I lost my breath again that afternoon when Allison got James and me onto a conference call to tell us that her father, who had been growing mysteriously weaker for a few months, had been diagnosed with ALS.

“We are moving to Maryland. I need to help take care of him. I want the kids to have memories of him,” she said. No, she insisted. Even as the numbers didn’t line up, jobs interfered, and COVID overshadowed everything, Allison remained steadfast that she needed to be with her parents and the kids needed time with her grandfather, so James and I did what we could to make it happen.

Which is how we came to live part time in The Mothership.

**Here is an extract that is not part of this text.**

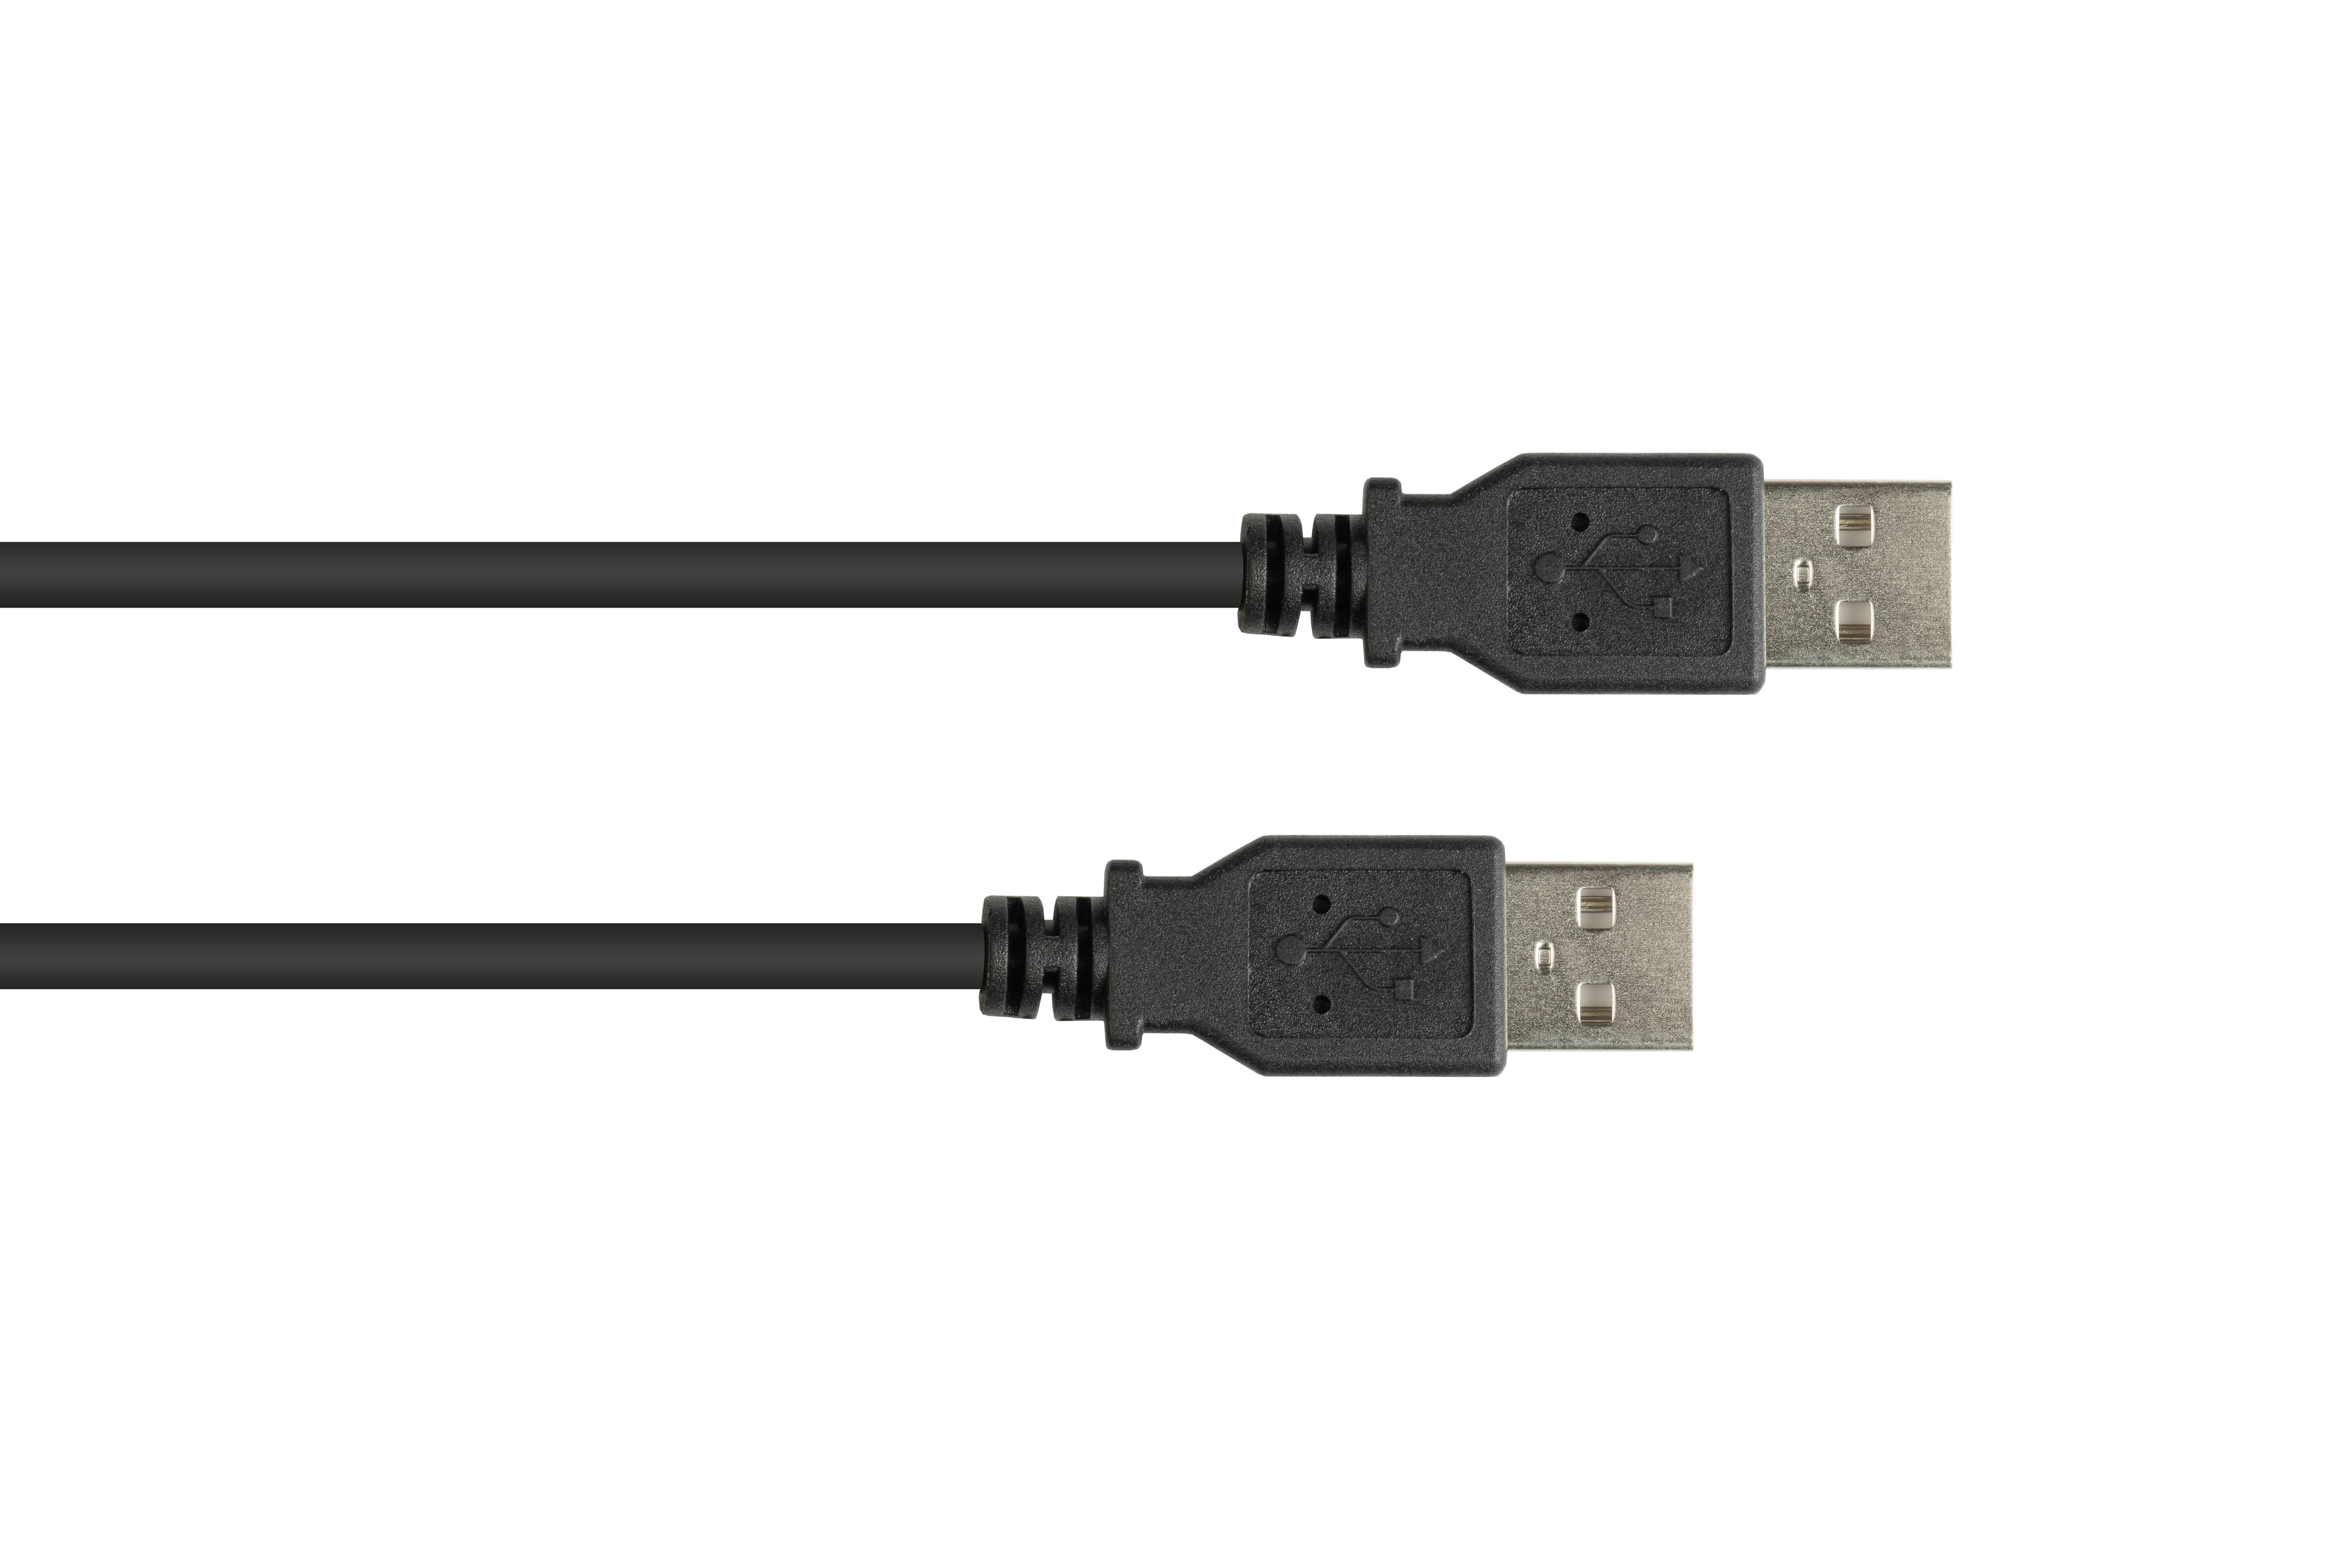 Stecker USB A KABELMEISTER Stecker Anschlusskabel schwarz A, 2.0 an

As the weather grew colder and Rich’s health declined, we found ourselves moving from the role of frequently visiting family members to full time caretakers. Allison, especially, did everything she could to lift the load from her mother, who was struggling under the dual roles of nurse and grieving wife. As time went on, I began to take on some of the care as well.

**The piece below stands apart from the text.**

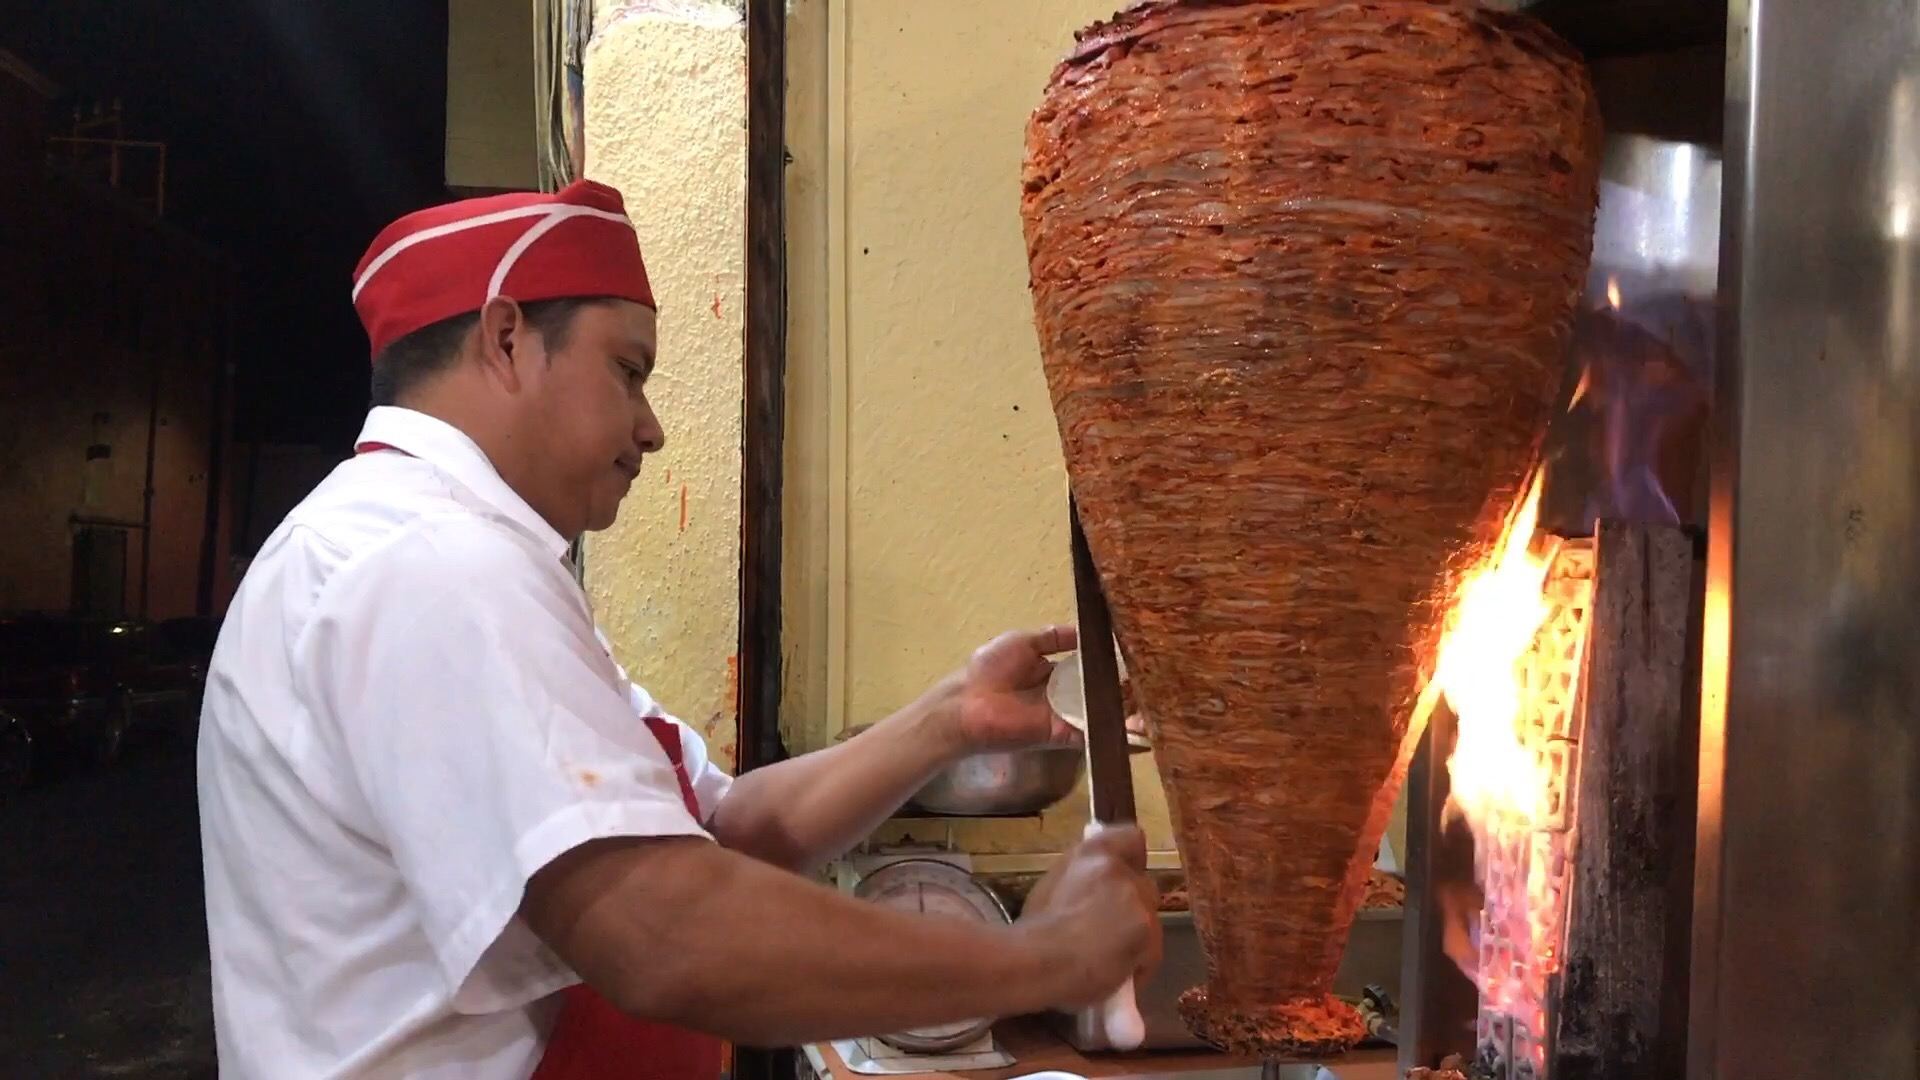 一提起墨西哥美食，最具代表性的就是Taco。卖Taco的店一般开到很晚，是名副其实的深夜食堂。街头巷

Feeding times. Medications. Breathing machines.

It was the breathing that was the hardest.

ALS destroys muscles and one of the most important muscles in the human body is the diaphragm. Twenty thousand plus times day this muscle pulls and pushes the lungs, forcing air in and out. For Rich, the diaphragm began to weaken within a few months of his diagnosis. Chest muscles. Diaphragm. Throat, tongue, and lips… all began to deteriorate.

When you can’t work your throat or push your lungs to cough, phlegm begins to build up. It burbles in the throat, oozes down into the lungs, and becomes lodged. We’ve all seen the labels on the side of five gallon buckets, warning that infants can drown in a couple inches of water. For the last few months, Rich fought a daily struggle against the tablespoons of mucous which threatened to drown him.

He needed to breathe.

We would try to help using a cough assist machine. If you’ve never seen a cough assist, simply imagine a little white box with a few buttons on the front and a face mask coming to the side on a long hose, not unlike a vacuum cleaner. Twiddle a few settings, press a button, and this hellish Dust Buster forces air down the trachea at sixty miles an hour, forcibly inflating the lungs for about five seconds before slamming into reverse. Then the cough assist literally sucks the air from the patient’s lungs, often pulling with it a wad of thick yellow mucous.

Suction.

Rinse.

Repeat until they can’t take it anymore or you’ve done twenty breaths, whichever comes first.

Repeat again a few minutes or hours later, depending on how much drawing a breath feels like gargling.

By the end, Rich was using a BiPAP machine for much of the day, essentially treating it as an at-home ventilator. The machine whirred and clicked and hissed all day and night, breathing for him. It made him hard to understand, as every weakened syllable had to be forced from his lips through the storm of air which sustained him.

Eventually only Allison and I could make out what he meant most of the time, and that was just because she has experience talking with elderly folks who struggle to be heard and I have spent years trying to understand the discoherent rambles of adolescents. Still, he often used his few spare breaths to crack jokes. The last one I heard came a few days before the end, when he spent nearly ten minutes blinking and nodding and repeating short phrases as if conveying a terribly important message about his health, until it became clear that he was joking that, yes, he should sleep in his mobility chair so that his wife didn’t smother him with a hug in the middle of the night.

We all laughed, him included… but the thought that sleeping with one’s partner could turn from a joy to a danger was more than a joke.

He used every breath he had.

He fought for each and every one.

Until there was no more breathing to be done.